* Exercise requirements: Please repeat the line that has "1. Left toggle switch" and all lines after it, exactly as they appear, through the end of the entries.
○ ○ ○
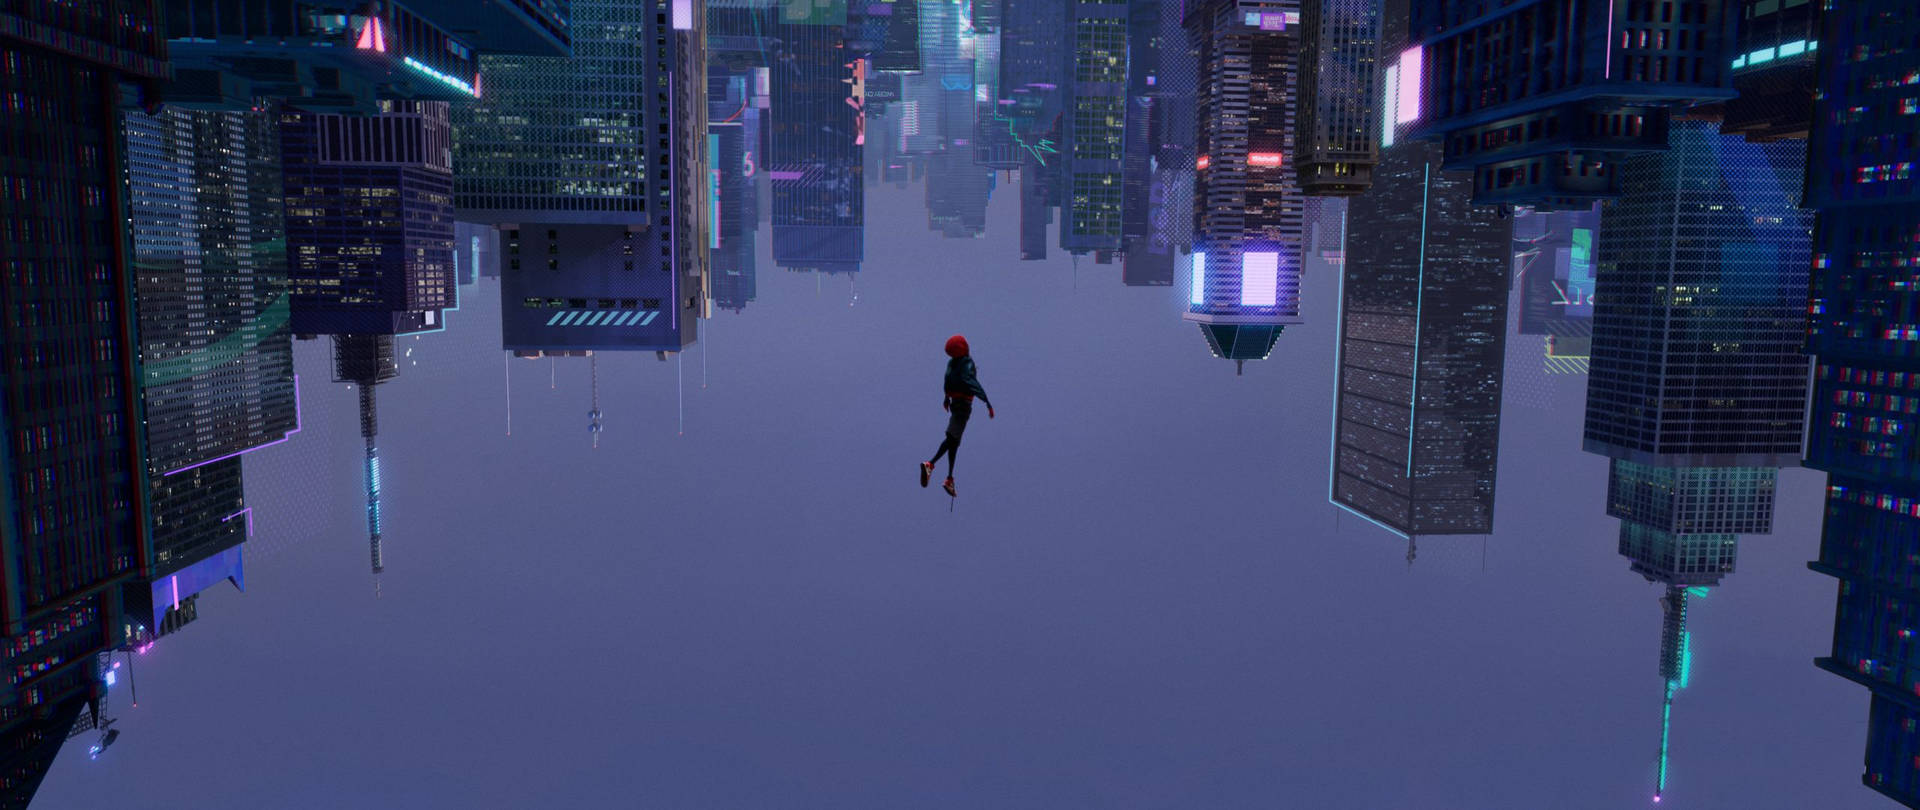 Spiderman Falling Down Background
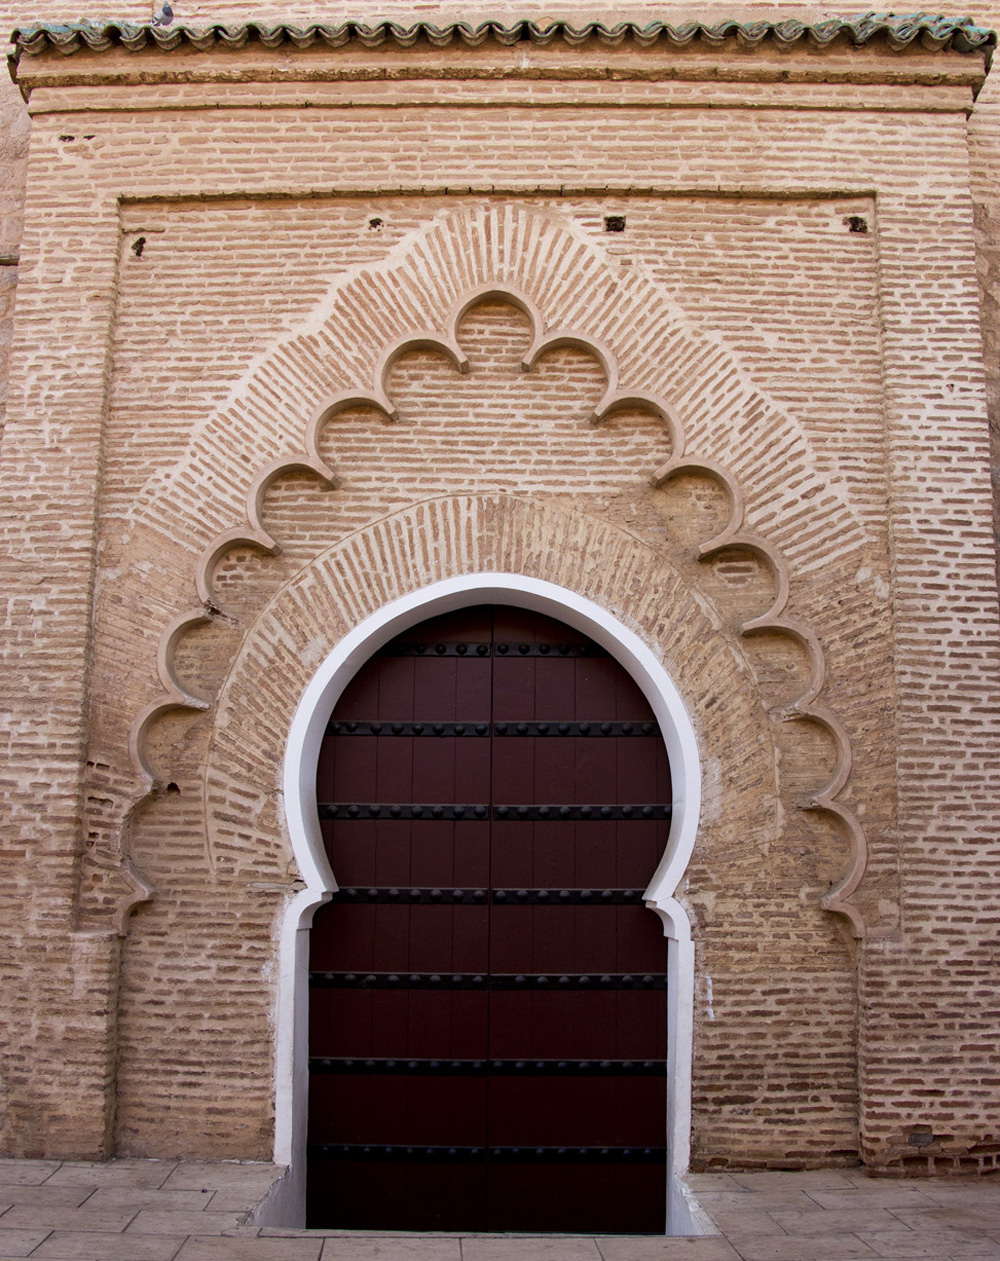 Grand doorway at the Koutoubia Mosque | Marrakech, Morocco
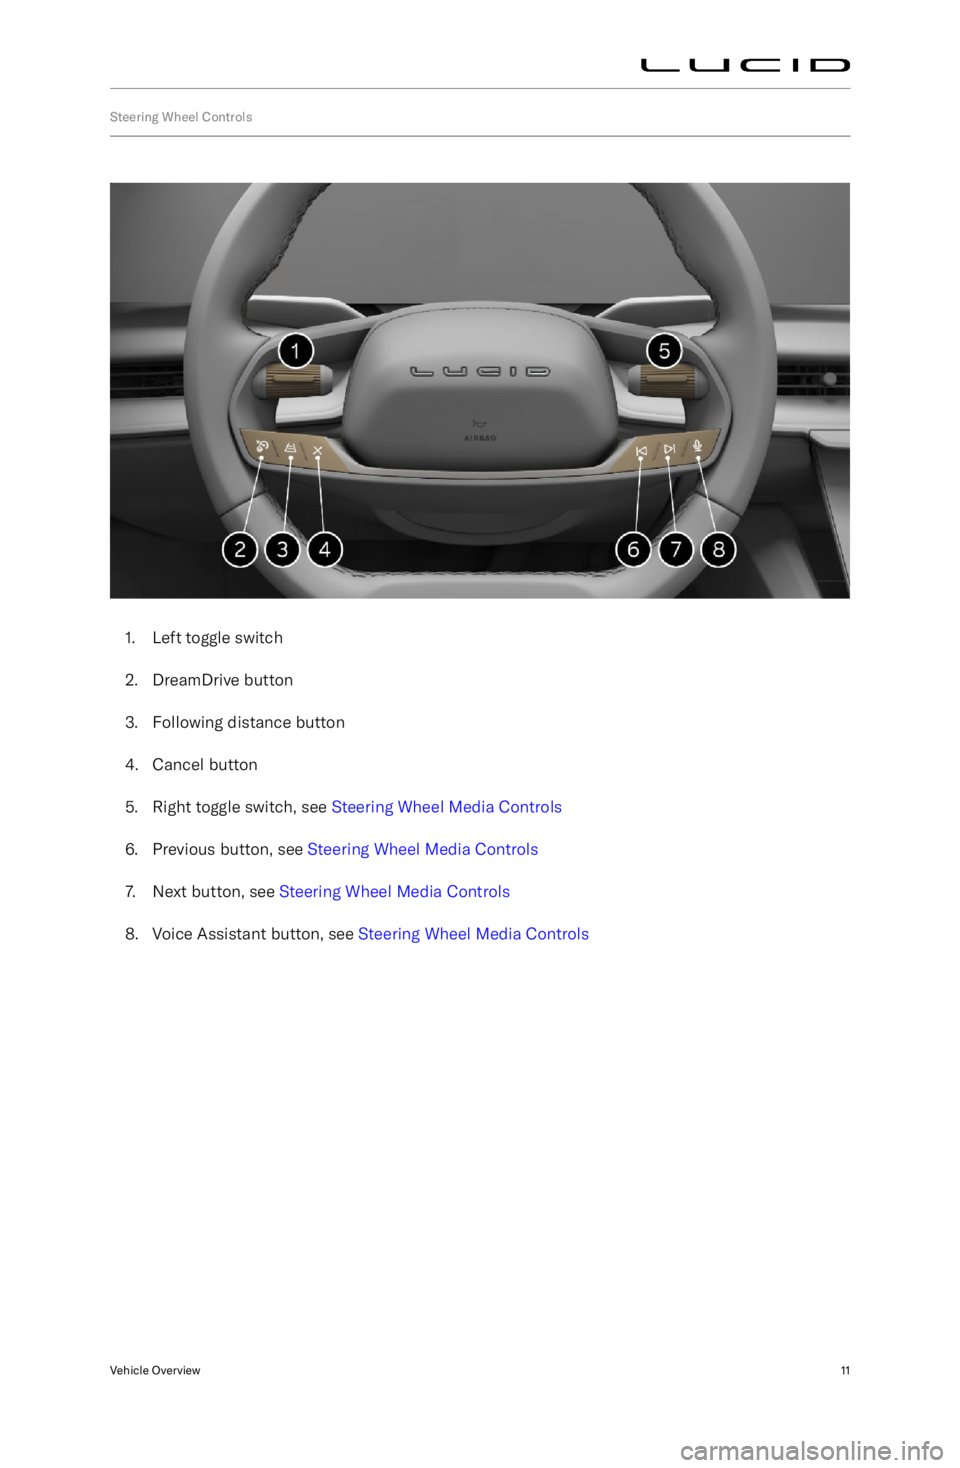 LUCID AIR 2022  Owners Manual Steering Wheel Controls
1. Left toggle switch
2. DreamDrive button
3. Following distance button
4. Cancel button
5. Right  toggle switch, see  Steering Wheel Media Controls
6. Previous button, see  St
○ ○ ○
* Exercise result:
1. Left toggle switch
2. DreamDrive button
3. Following distance button
4. Cancel button
5. Right  toggle switch, see  Steering Wheel Media Controls
6. Previous button, see  St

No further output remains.